それをやって退けておきながら『人口が少ない』など、誰が信じられるだろう。
確かに魔法や召喚獣の力を使えば少しは楽に出来る所業なのかもしれないが、今は冷戦の真っ只中。何時他国に攻め込まれるか分からない状況下では戦力増強に時間と労力を割く方がよっぽど効率的のはずだ。

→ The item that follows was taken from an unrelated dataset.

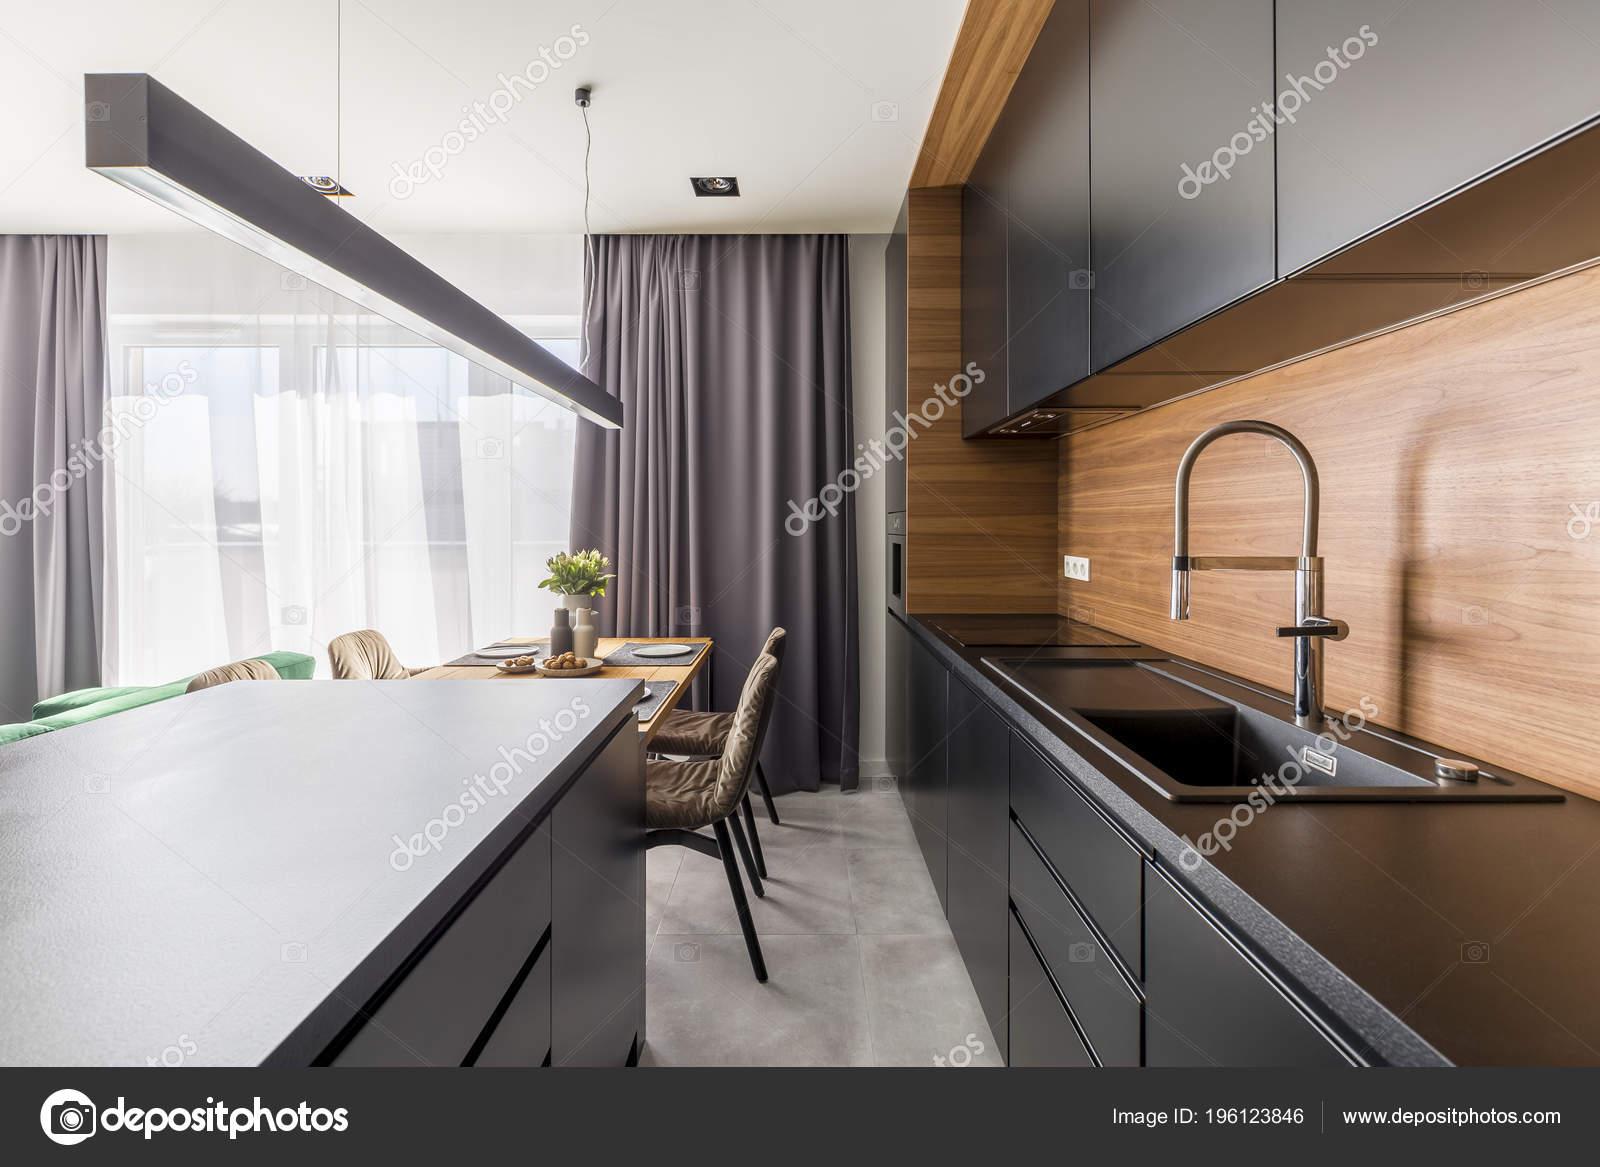 kitchen black cabinets white stools 厨房内饰用黑色橱柜钢水龙头和木桌在用餐区 图库照片 c photographee eu 图库

「でも、余所から来た人達にやらせれば自国の戦力はこれまで通り高められるし、何より反乱因子を抑制することだって出来る。きっと今でも何処かで強制的に働かされているんだと思うよ」
「しかし何故一人も逃げ出そうとしなかったのでしょうか。例え反乱を起こすことが不可能でも、逃げ出すくらいなら魔法でも召喚獣でも使って――――」
「それは俺の口から説明させてもらおうか」
声のした方を向くと、そこにはぼろぼろの衣服を纏った、全身泥だらけで痩せ細った中年の男性が立っていた。
「……お父さん」
「久しぶり。立派になったな、ミュウ」
「お父さん!」
すぐさま駆けつけ抱きつくミュウ。
「どうしても地図の空白が気になってね。皆が食事をしている時にこっそり抜け出して確かめに来たんだ。そしたらこのスラムに辿り着いて、もしかしてと思ってミュウの両親を探した。此処に来るのは基本国から調査に派遣された魔人だからね、母親はともかく人間である父親の居場所は訊き込みで簡単に見つけられたよ」
そして娘がこの国に来ていることを話し、此処で待ち合わせるよう頼んでおいたわけだ。
「そうだ、お父さん! お母さんは、お母さんは見つかったのですか?」
その質問を受け、途端に苦い顔をする父親。
「ごめん。母さんはもう……」
「……そうですか。ごめんなさいお父さん。私からも謝らなきゃいけないことが」
「ラムダのことだろ、そこの男の子に聞いたよ。辛かったね。よく、此処まで辿り着いた」
父親は強くミュウのことを抱きしめた。
「そう言えばそこの君、お礼がまだだったね。俺はラムダとミュウの父親で、此処で労働をしている不甲斐無い男『ロー』だ。娘を此処まで連れて来てくれて、ありがとう」
「僕は朱の国の軍人、カイです。教えてください、この国で何が起こっているのか。そして、ミュウの母親は何故亡くなったのか」
「分かった。ミュウ、お前もよく聞いておくんだ」
「……はい」
ミュウはゆっくりとローから離れる。